As its organisation is unique there are hardly any others to which they can be compared or with which it can compare itself. The organisation has no strict hierarchy which sometimes results in errors not being recognized or effectively dealt with.

Nevertheless, an organisation employing people passionate about their work, who highly involve the residents in their personal process and the way the house works, may be considered already too great a gift.

It is not uncommon that they help people refused everywhere else. I am a case in point. My situation was deemed impossible and other set-ups would have rejected me. The Weglaufhaus, however, did accept me and provided a basis to get me through my crisis and slowly build up things again, even taking into account that during the whole process matters occurred that made this seem impossible, over and over again – there were at some point even lawyers drawn into the fray.

For this I am glad the Weglaufhaus exists. Even while it remains a fight they continue to engage in the battle, not only helping people within their facility, but also supporting and standing up for those outside via its association.

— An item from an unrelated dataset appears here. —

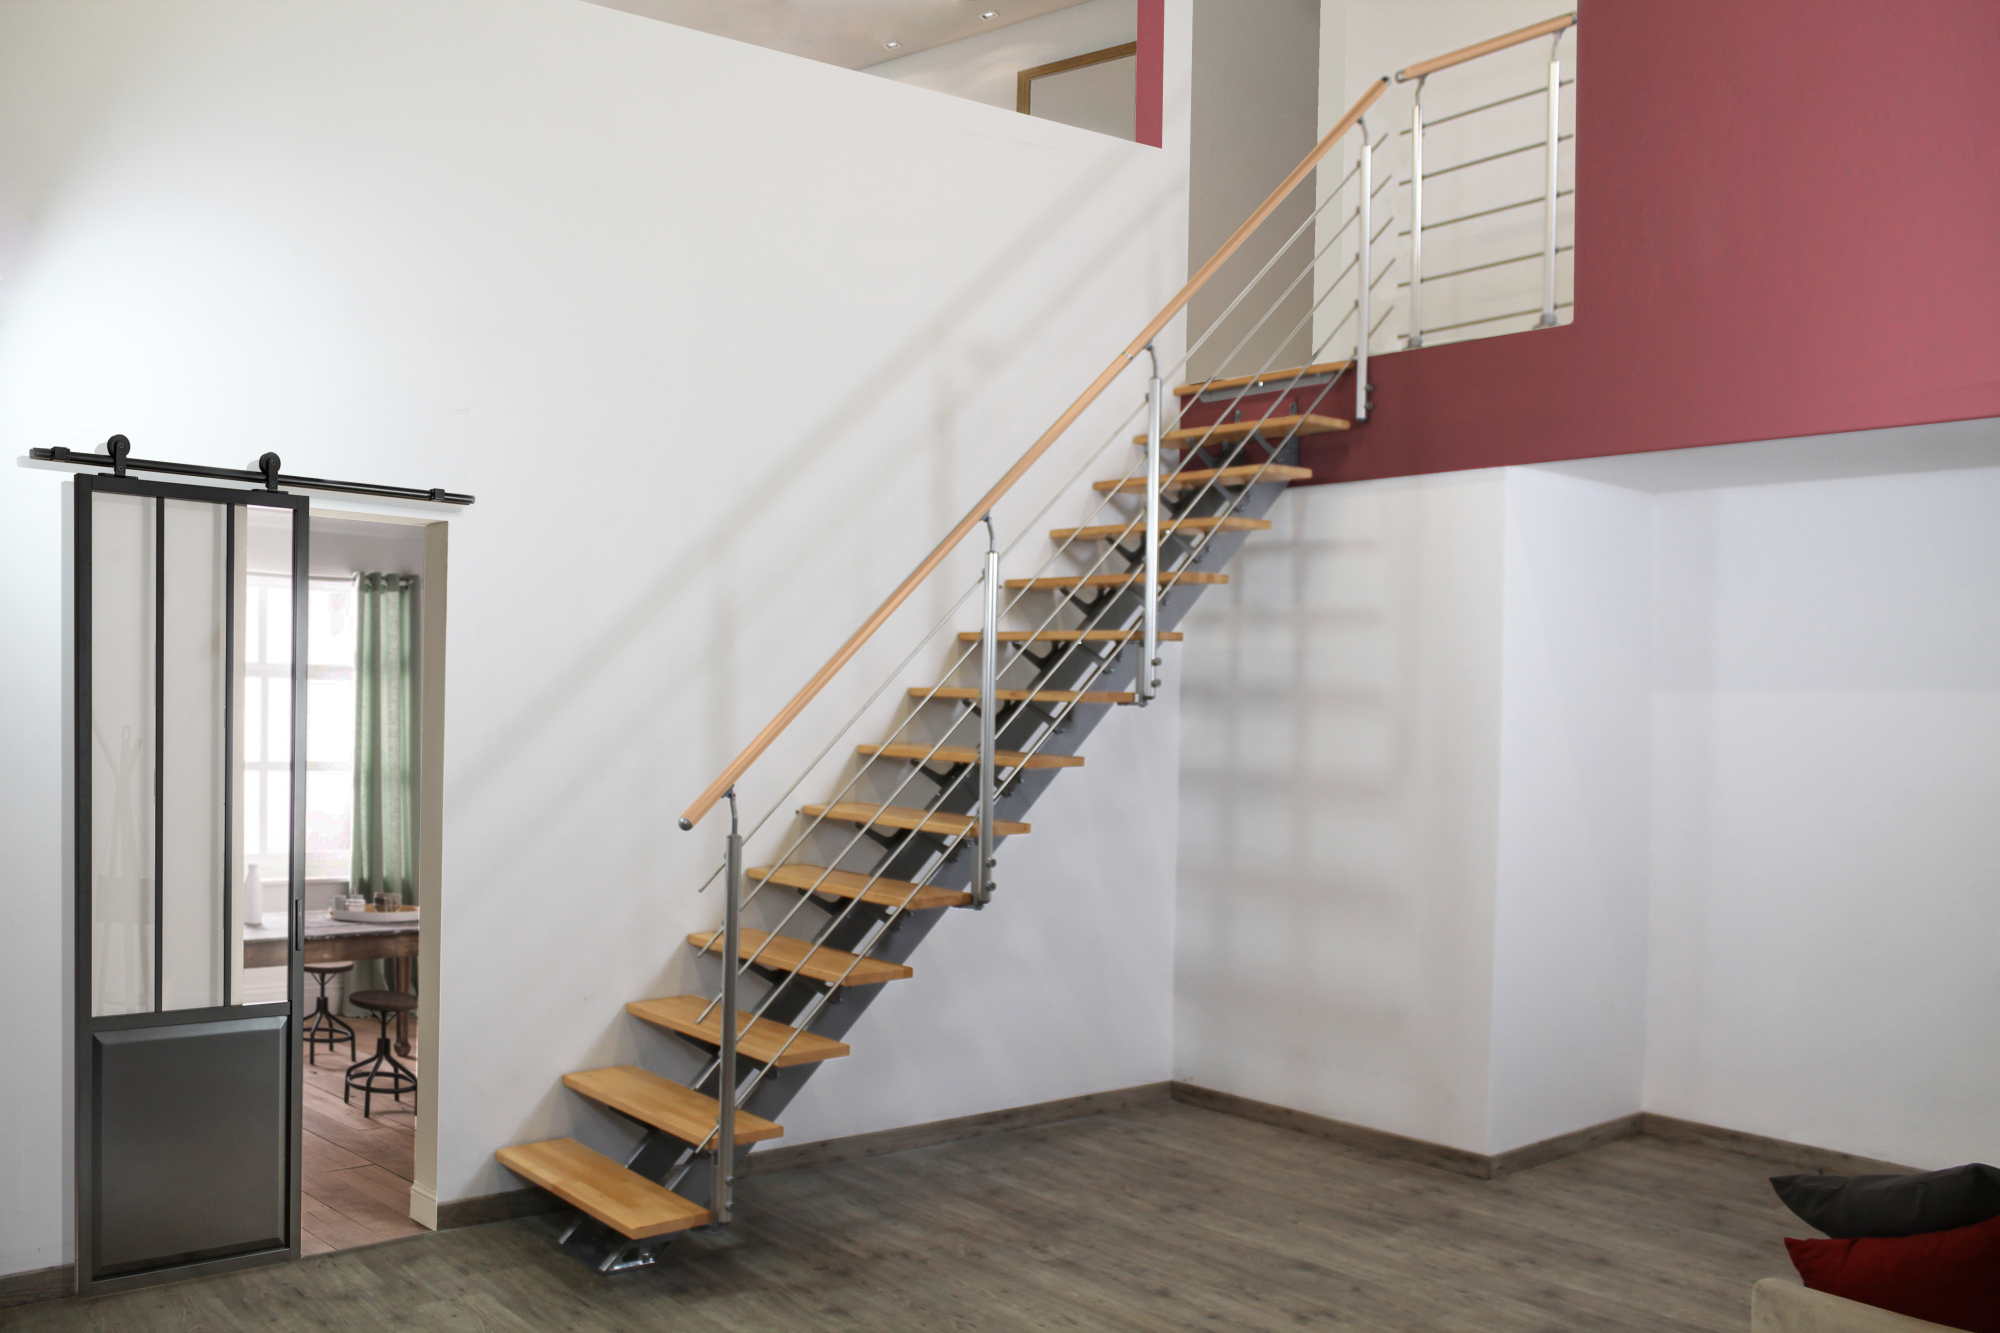 Escalera recta doble viga uso interior ancho total 95cm acabado gris/haya/haya

The author has chosen to remain anonymous, knowing the possible reactions may impact both his private and professional life. He does regret this decision but feels it to be the wiser option. In 2011 his personal crisis landed him for a period of 5 months in the Weglaufhaus. He expresses gratitude for the help he has received there. Those seeking contact with the author, please contact the Weglaufhaus. They are able to forward any requests.

Notes

1. The focus in this article lays on civilian psychiatry. Military and forensic psychiatry are not forgotten yet in this article respectfully ignored, as not within my experience.
2. Taken from Thomas Szasz, psychiatrist and Professor Emeritus of Psychiatry at the State University of New York Health Science Center.
3. The Kirkbride Plan is a system of mental asylum design advocated by the psychiatrist Thomas Story Kirkbride.
4. Taken from Wikipedia.
5. Taken from Wikipedia.
6. Taken from the International Declaration of Human Rights.